* YOUR INSTRUCTIONS
Return all of the listing word for word; the pictures stay out.

* DATASET EXTRACT

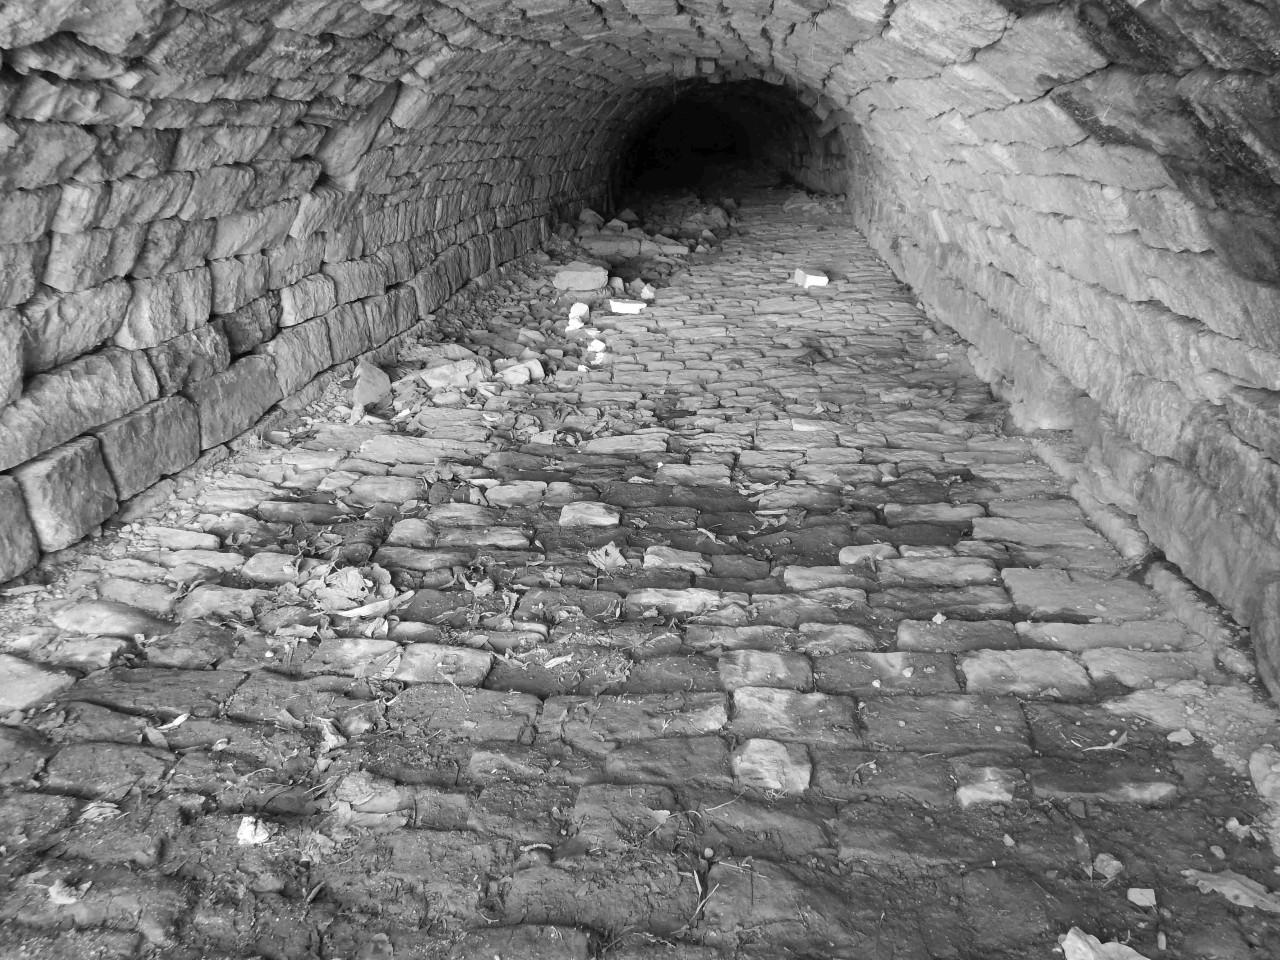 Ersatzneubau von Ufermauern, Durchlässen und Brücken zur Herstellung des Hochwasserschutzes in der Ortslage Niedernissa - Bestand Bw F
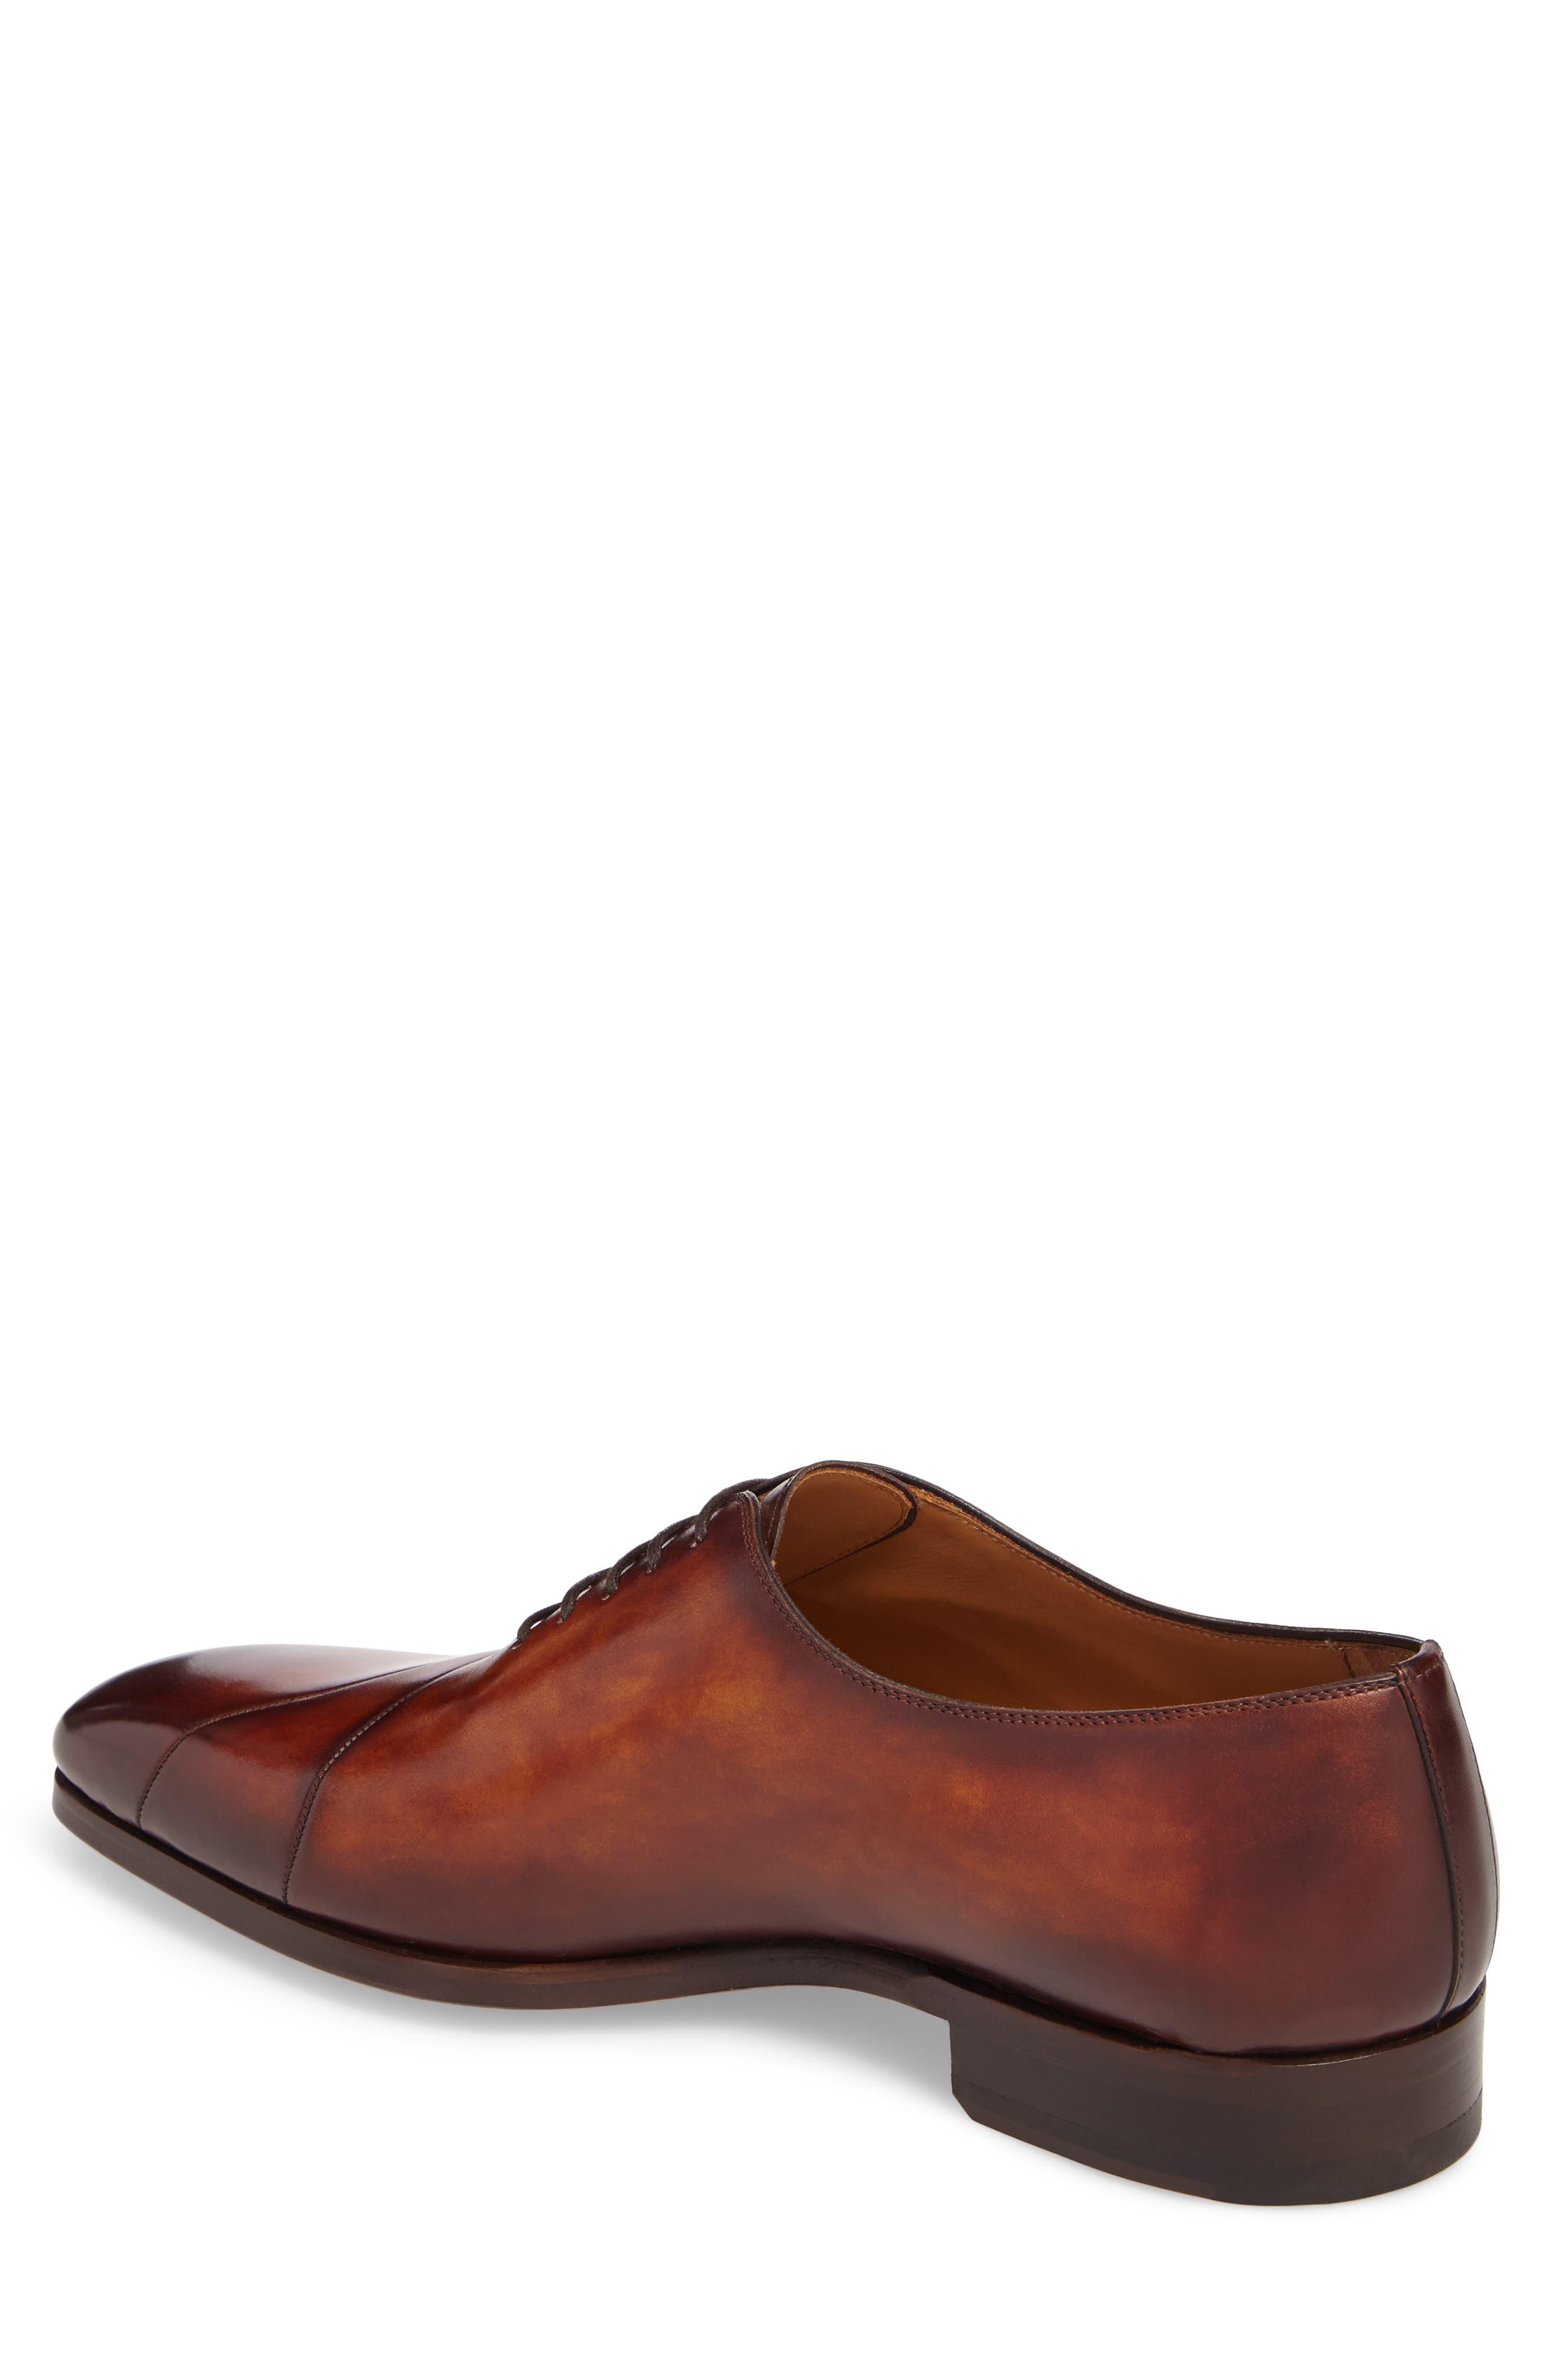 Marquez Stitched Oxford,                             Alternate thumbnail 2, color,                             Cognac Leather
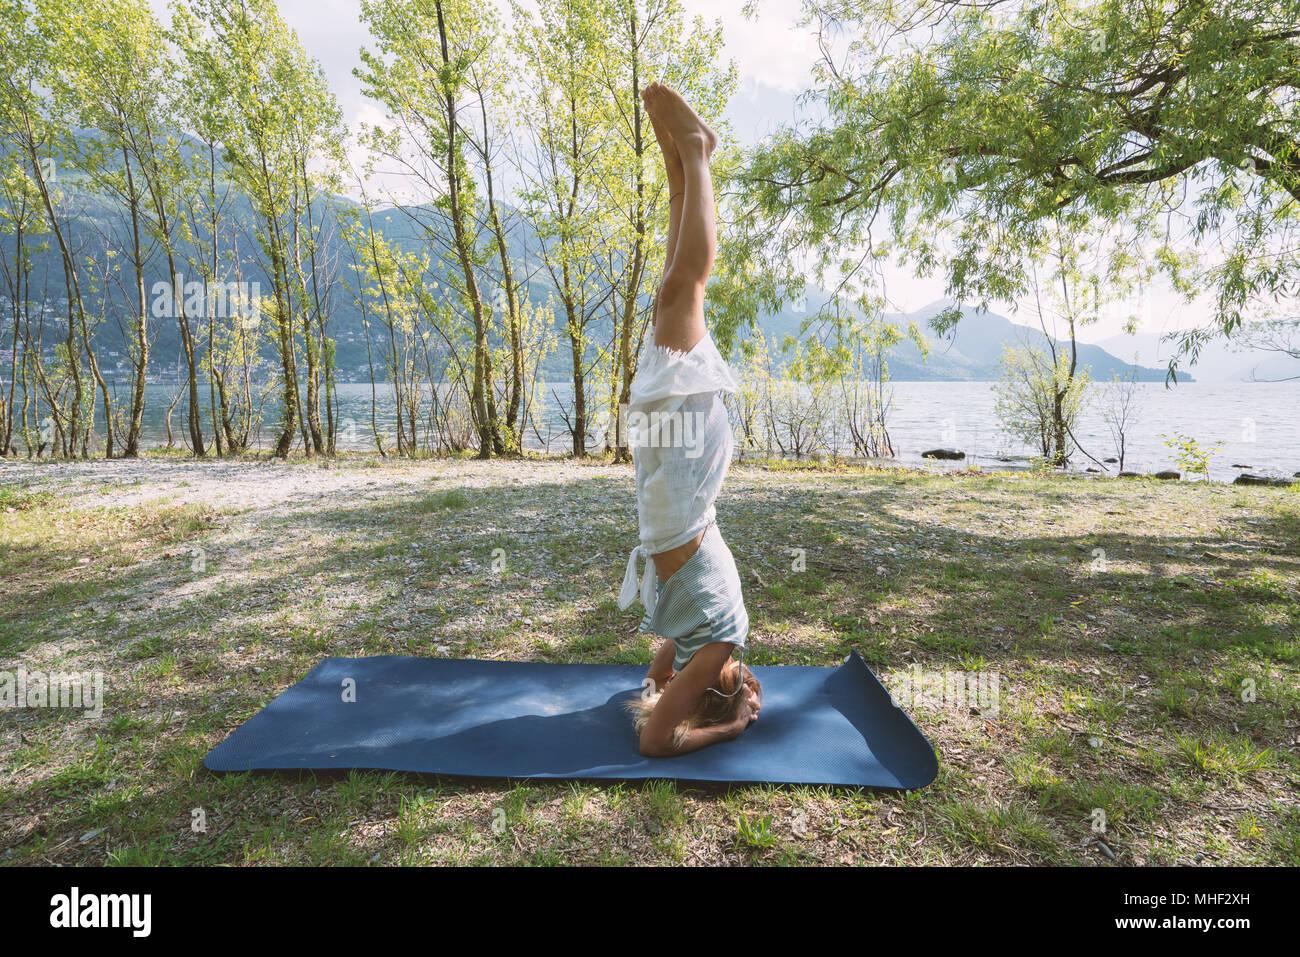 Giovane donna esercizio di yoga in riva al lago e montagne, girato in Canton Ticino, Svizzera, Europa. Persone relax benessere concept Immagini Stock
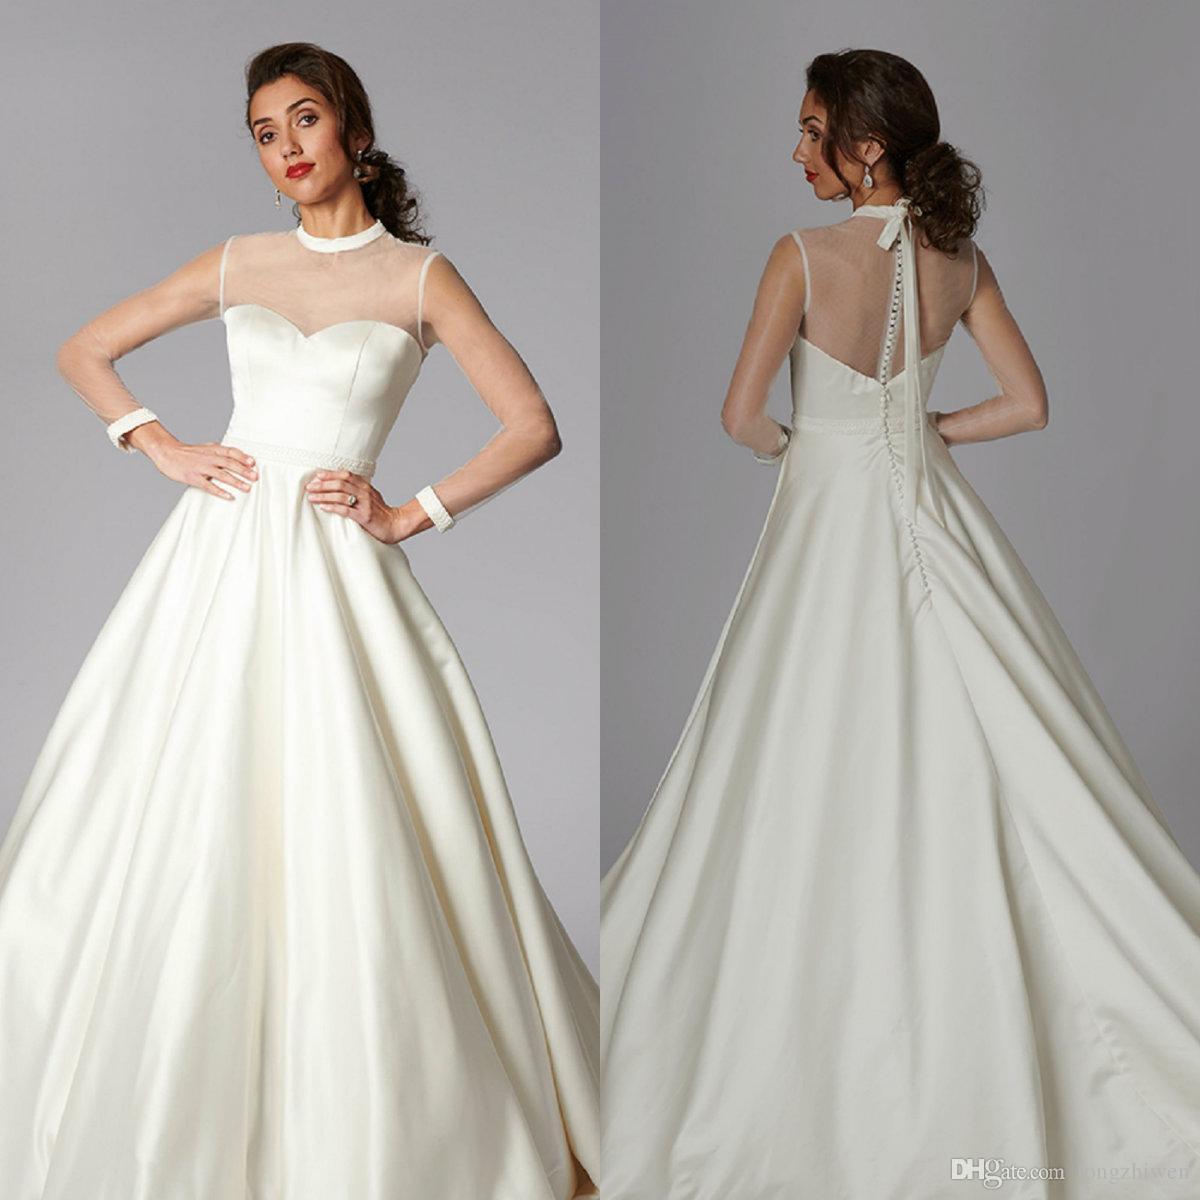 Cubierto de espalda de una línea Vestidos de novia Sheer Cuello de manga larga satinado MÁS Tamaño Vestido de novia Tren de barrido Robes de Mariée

* SOLUTION BELOW
 Ersatzneubau von Ufermauern, Durchlässen und Brücken zur Herstellung des Hochwasserschutzes in der Ortslage Niedernissa - Bestand Bw F
 Marquez Stitched Oxford,                             Alternate thumbnail 2, color,                             Cognac Leather
 Giovane donna esercizio di yoga in riva al lago e montagne, girato in Canton Ticino, Svizzera, Europa. Persone relax benessere concept Immagini Stock
 Cubierto de espalda de una línea Vestidos de novia Sheer Cuello de manga larga satinado MÁS Tamaño Vestido de novia Tren de barrido Robes de Mariée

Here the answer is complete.